WISCA Opposes SB 542 & AB 765

 

The Wisconsin Society of Certified Acupuncturists opposes SB 542/AB 765 because it puts the public in harms way and creates a competitive disadvantage between acupuncturists and chiropractors. The bill creates an incentive for chiropractors to bill for unnecessary services by blurring the line on insurance coverage and promoting fee splitting. This bill hurts Wisconsin acupuncturists as small business owners and is a risk for healthcare consumers since 100 hours of unsupervised and non- clinical training, as proposed in the bill, is insufficient for the safe use of acupuncture.

Acupuncture Profession

Acupuncture is not a covered benefit on the majority of insurance plans in the state of Wisconsin. Acupuncturists must work hard to build and sustain a practice that is not reliant on insurance reimbursement, unlike most other medical professionals. Chiropractors are able to grow and sustain successful businesses thanks to an insurance mandate for chiropractic care. This allows a chiropractor to provide other services, like acupuncture, at a discounted rate. Acupuncturists cannot rely on insurance reimbursement to sustain their businesses and therefore do not have the luxury of discounting the true cost of acupuncture services. Furthermore, the bill grants a legal fee splitting relationship between associate chiropractors which establishes a medical business model that encourages treatments regardless of medical necessity.

National Examinations and Accredited Education

The NCCAOM was established in 1982 to validate entry-level competency in the practice of acupuncture and Oriental medicine. The state of Wisconsin established certification for the profession of acupuncture in 1989 and requires candidates to pass NCCAOM examinations. On December 19, 2013 the NCCAOM issued an opinion letter stating the proposed bill poses a threat to recognized standards of competence and safety and may put healthcare consumers at risk.
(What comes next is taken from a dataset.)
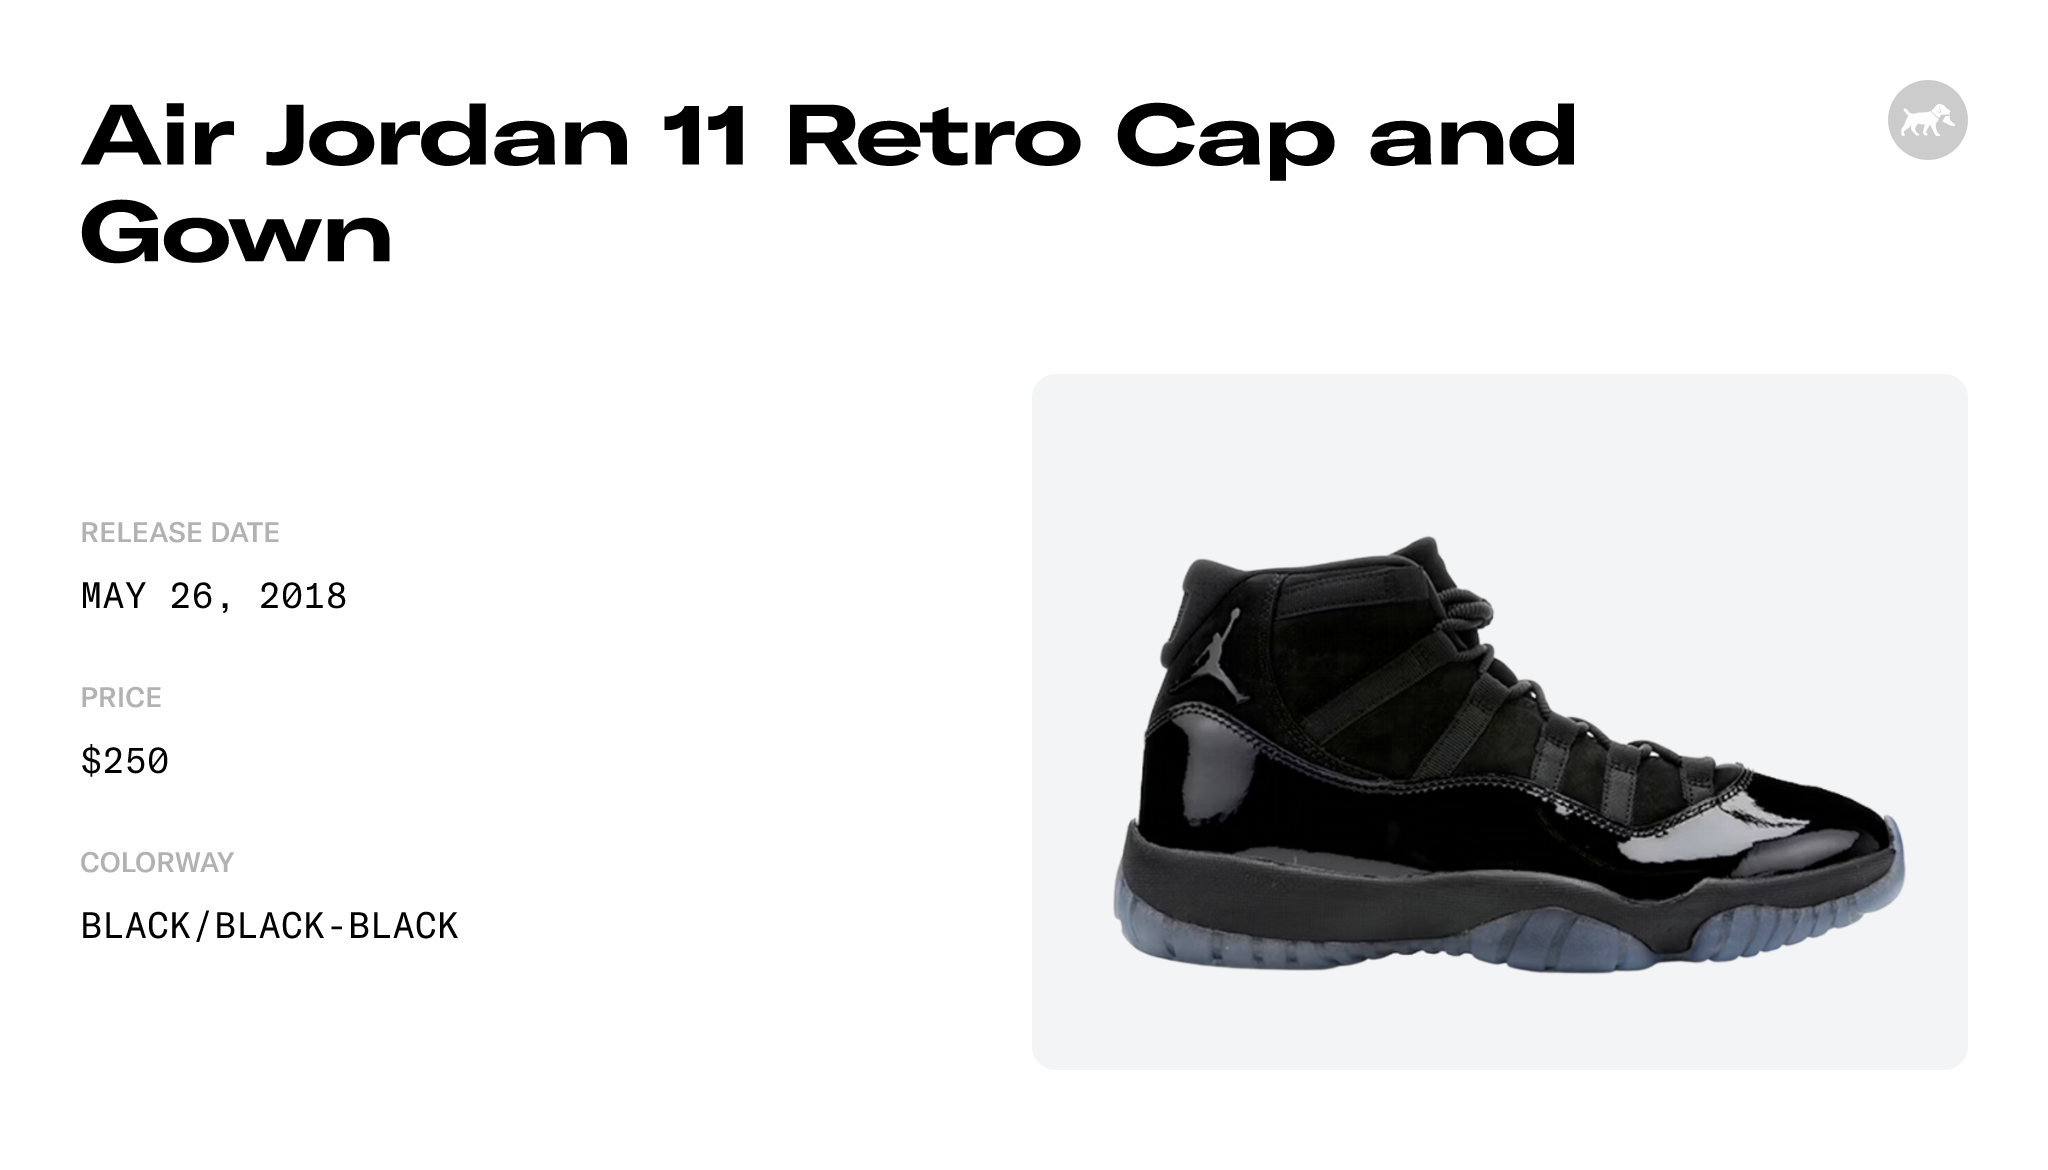 Air Jordan 11 Retro Cap and Gown - 378037-005 Raffles and Release Date

It is in the best interest of the public to hold all practitioners to the same entry- level competency standards established by the NCCAOM.
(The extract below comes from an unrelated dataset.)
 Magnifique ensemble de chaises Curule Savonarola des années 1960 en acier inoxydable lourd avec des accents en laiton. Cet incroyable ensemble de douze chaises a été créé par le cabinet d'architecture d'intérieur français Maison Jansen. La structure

To become certified to practice acupuncture in Wisconsin, candidates must complete 1,900 hours of study, including 660 hours of clinical supervised training, at an accredited institution, pass the NCCAOM boards and demonstrate the knowledge, skills, and abilities (KSA’s) that ensure the safe practice of acupuncture. In stark contrast, the proposed legislation allows chiropractors to become certified to practice acupuncture with only 100 hours of education, with no supervised clinical training, and without passing the NCCAOM board examinations.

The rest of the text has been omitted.